Figure 4. Rankings of highest impact improvement domains based on CMIC and growth functions and administrators’ reports. The rank-order values are based upon the numbers 1–9.

Figure 4. Rankings of highest impact improvement domains based on CMIC and growth functions and administrators’ reports. The rank-order values are based upon the numbers 1–9.

Applying CMIC and growth functions to the Better Together data shows that the identification of high impact improvements depends strongly on the chosen growth function. Striking similarities are found between the MG-based ranking and the MG-IP ranking; both identify educator trust as the highest impact improvements.
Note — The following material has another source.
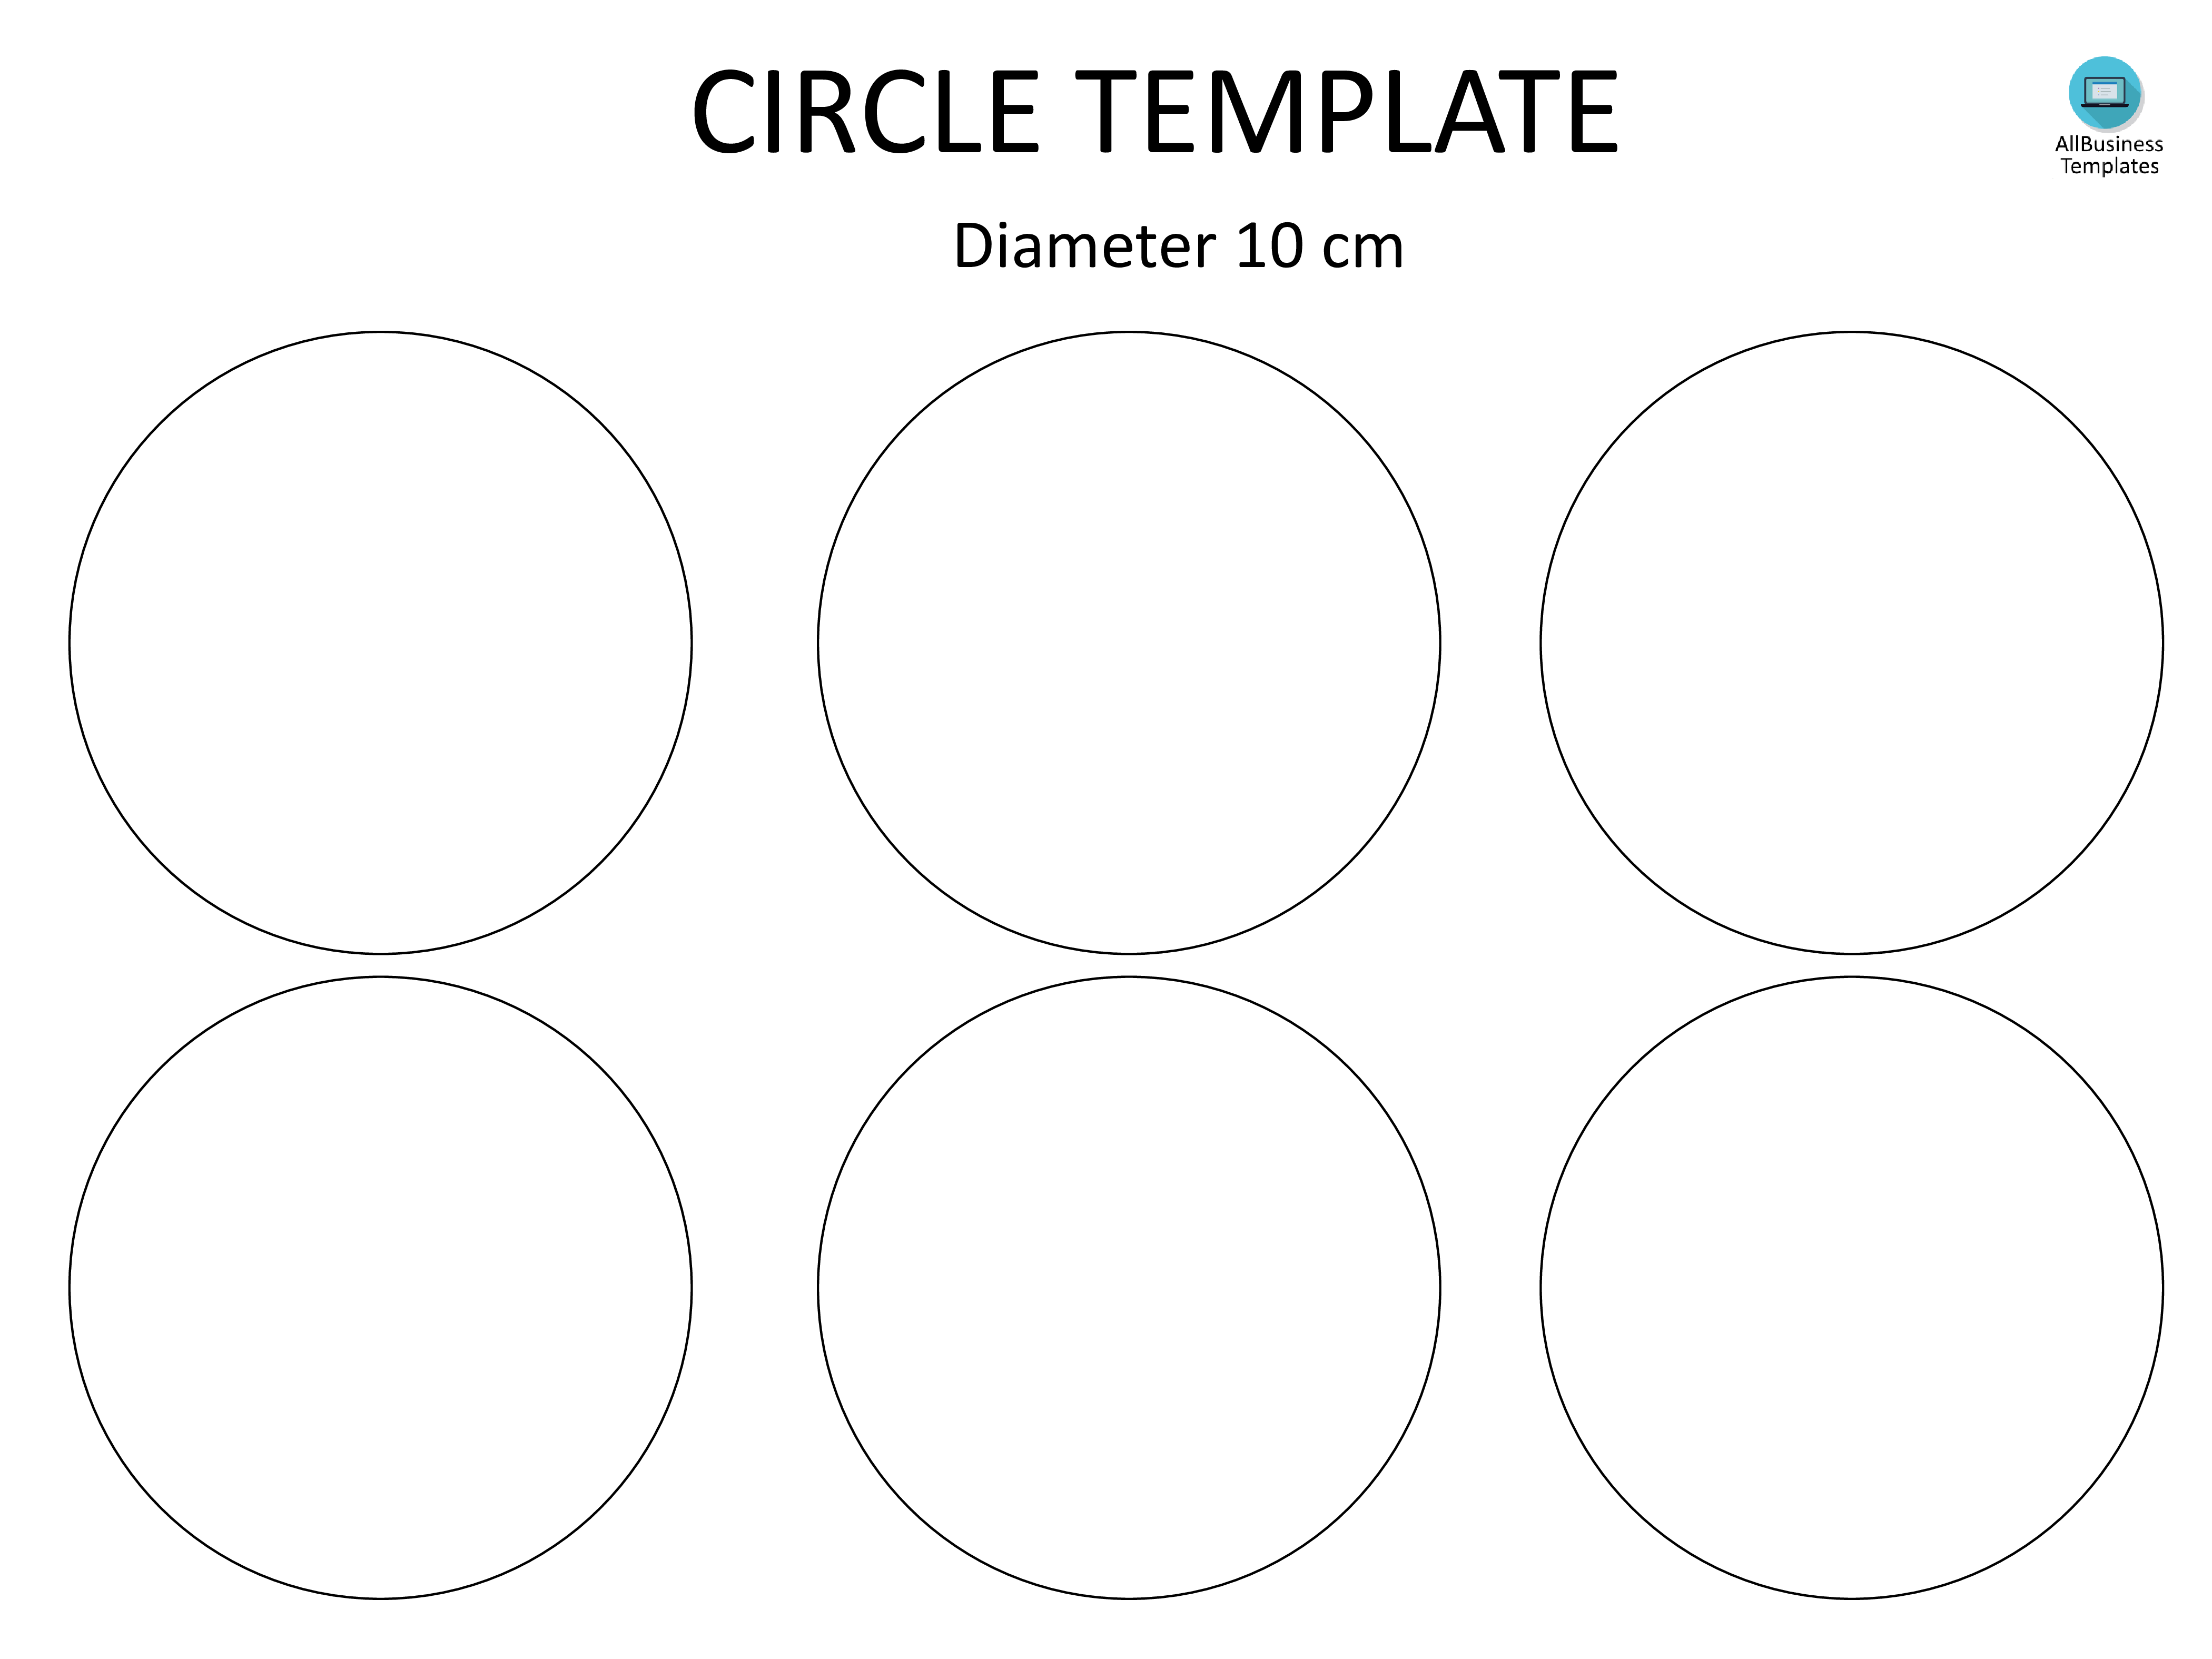 Circle template with 10cm diameter main image
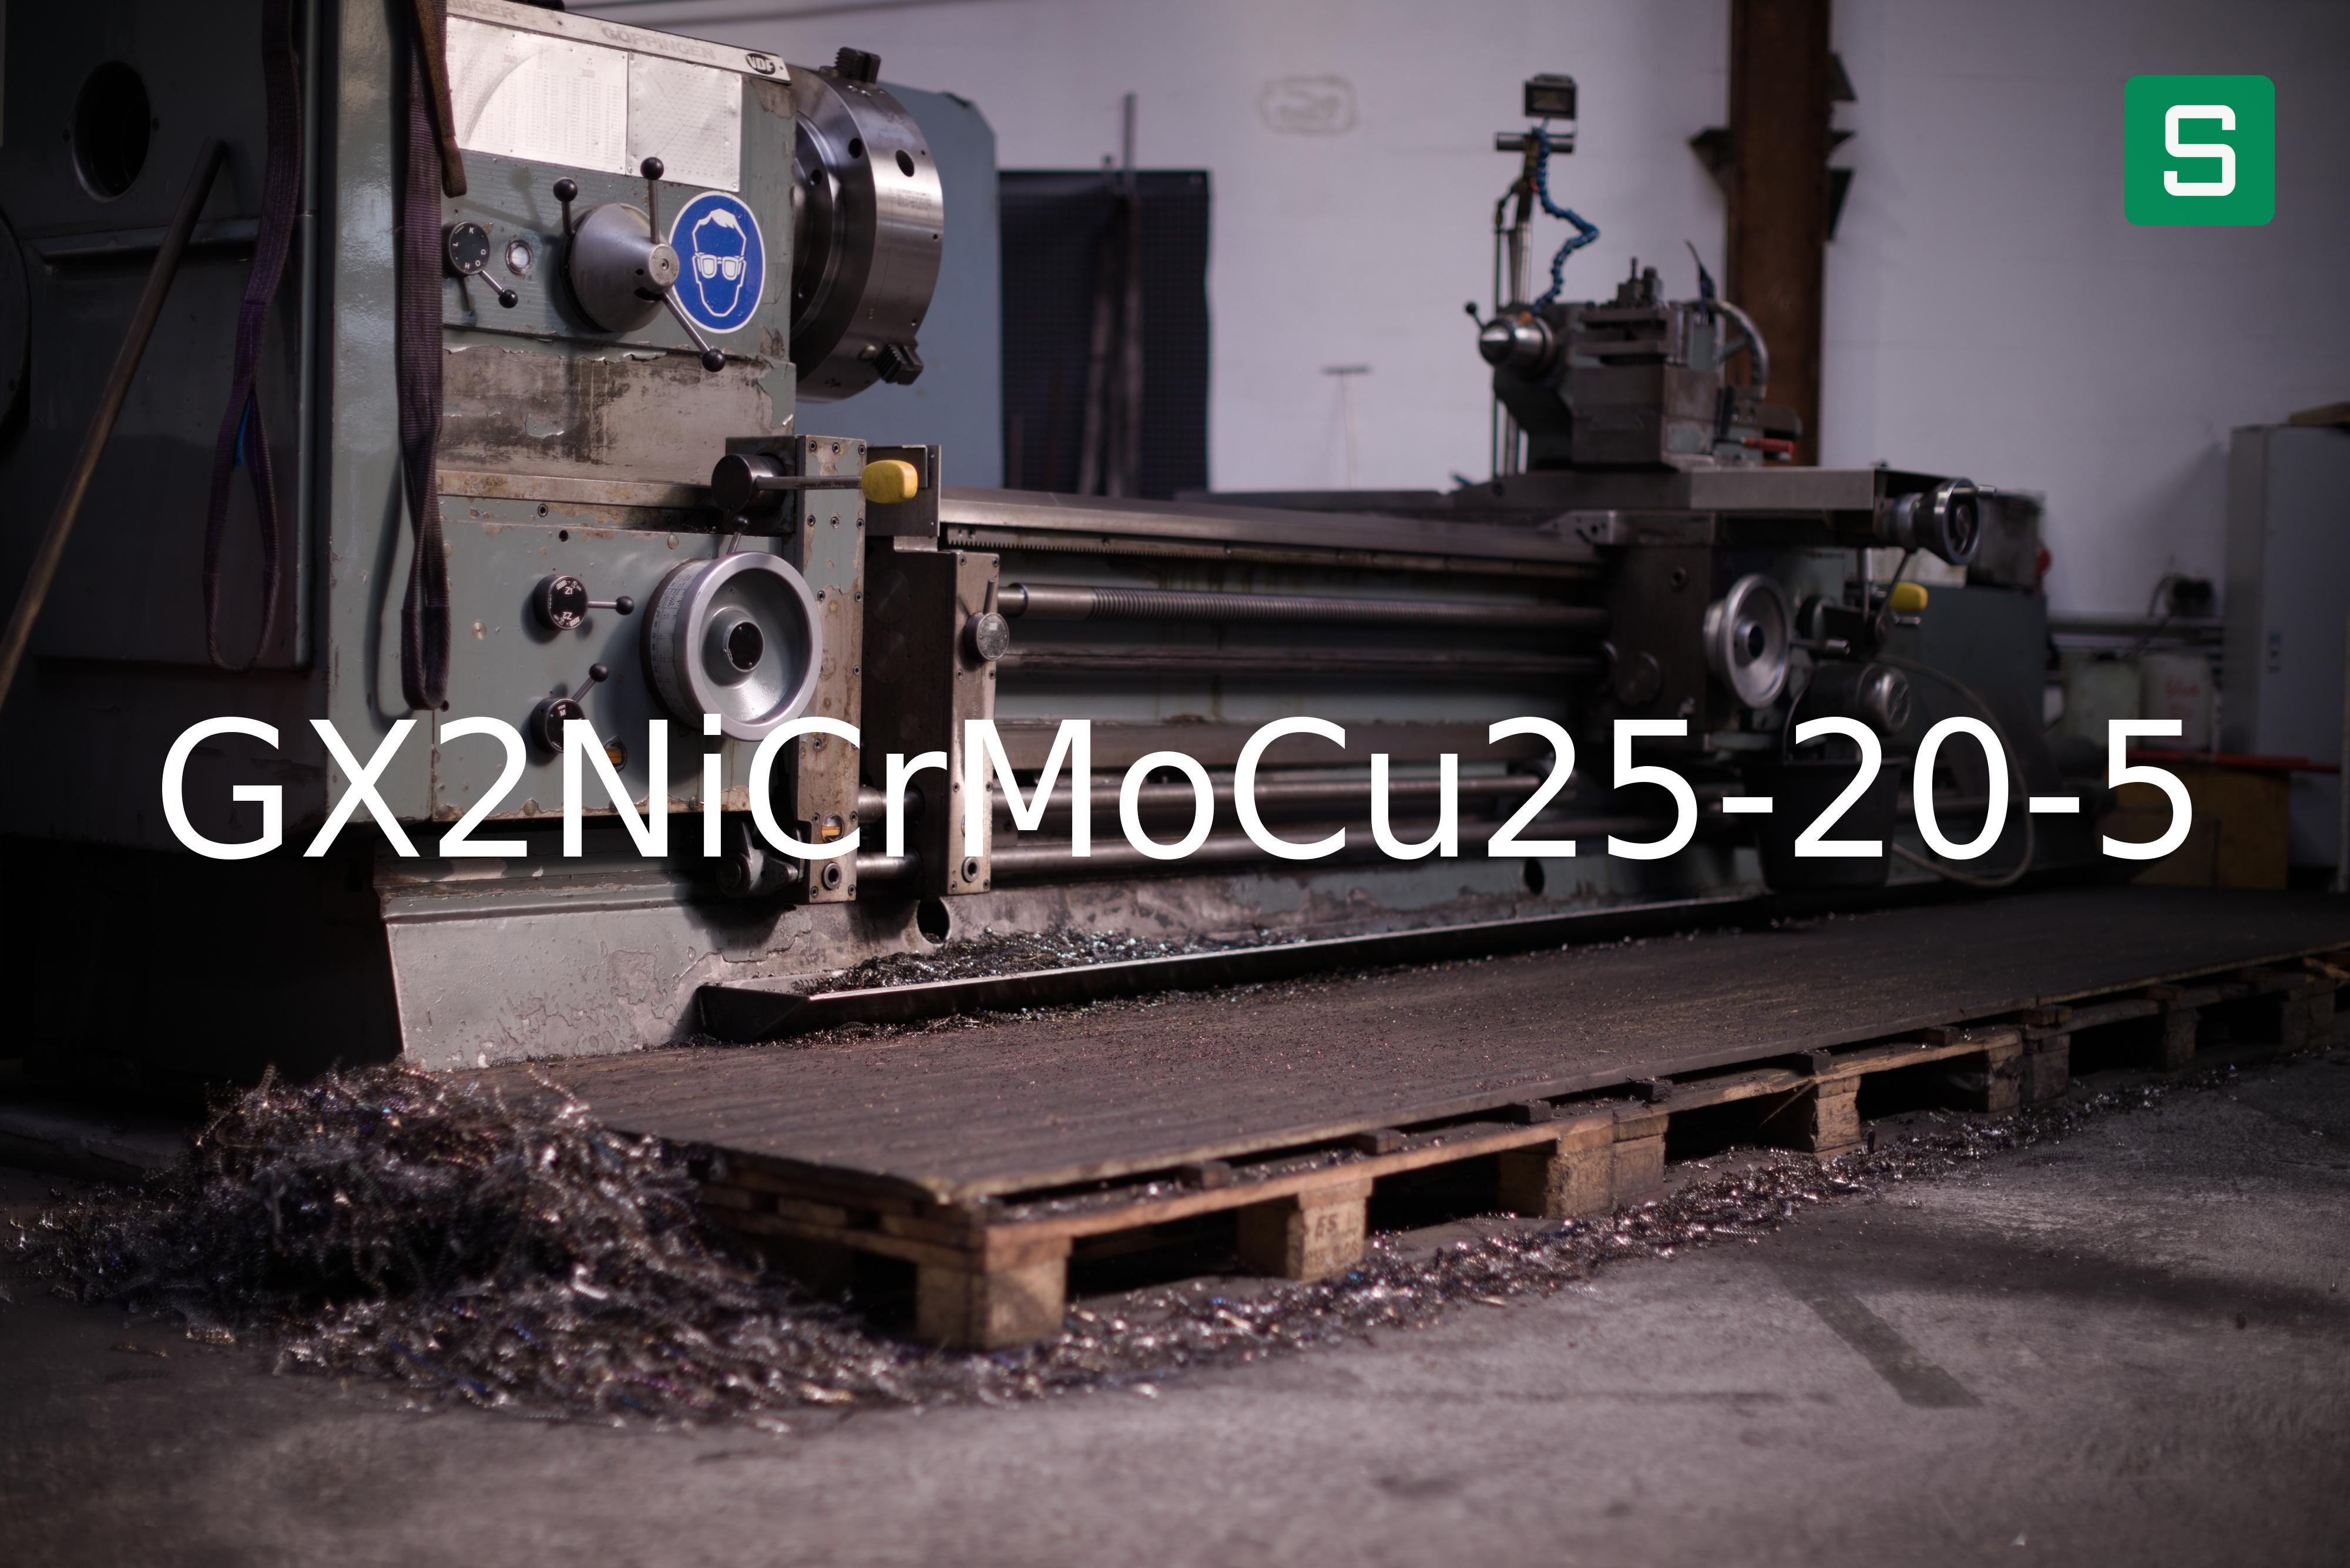 Steel Material: GX2NiCrMoCu25-20-5

The MG-PW ranking shows a different pattern, keeping in mind that this growth function only considers growth in three out of the nine domains (that is safety, relevancy of schoolwork, and belonging).

Comparisons between the administrators’ ranking and the MG ranking are not straightforward as they are derived using very different strategies. In addition, due to the strong indications for the violation of the completeness assumption, the validity of the CMIC cannot be assured. Yet, some similarities emerge between both rankings in the sense that culture and climate and student-led learning score relatively high in both, whereas the domain usefulness of mobile devices scores relatively low in both. Overall, there are distinct differences between the ranking using MG and a ranking based on administrators’ responses. For example, educator trust is ranked the second-highest improvement impact domain by MG but is ranked only 7th in the administrators’ ranking. Similarly, whereas the relevancy of schoolwork is ranked relatively high by administrators, it is ranked only 7th by MG. This could resemble the fact that it is difficult for policymakers to determine which domain(s) should be intervened upon in terms of generating overall improvement across a range of interconnected domains. Alternatively, it is consistent with the idea that policymakers do not adopt a simple ‘more is better’ rule – such as MG- in deciding how to move forward, but rather also consider the relative importance weights of particular domains (i.e. MG-PW) and/or the variability in current levels across domains (i.e. MG-IP).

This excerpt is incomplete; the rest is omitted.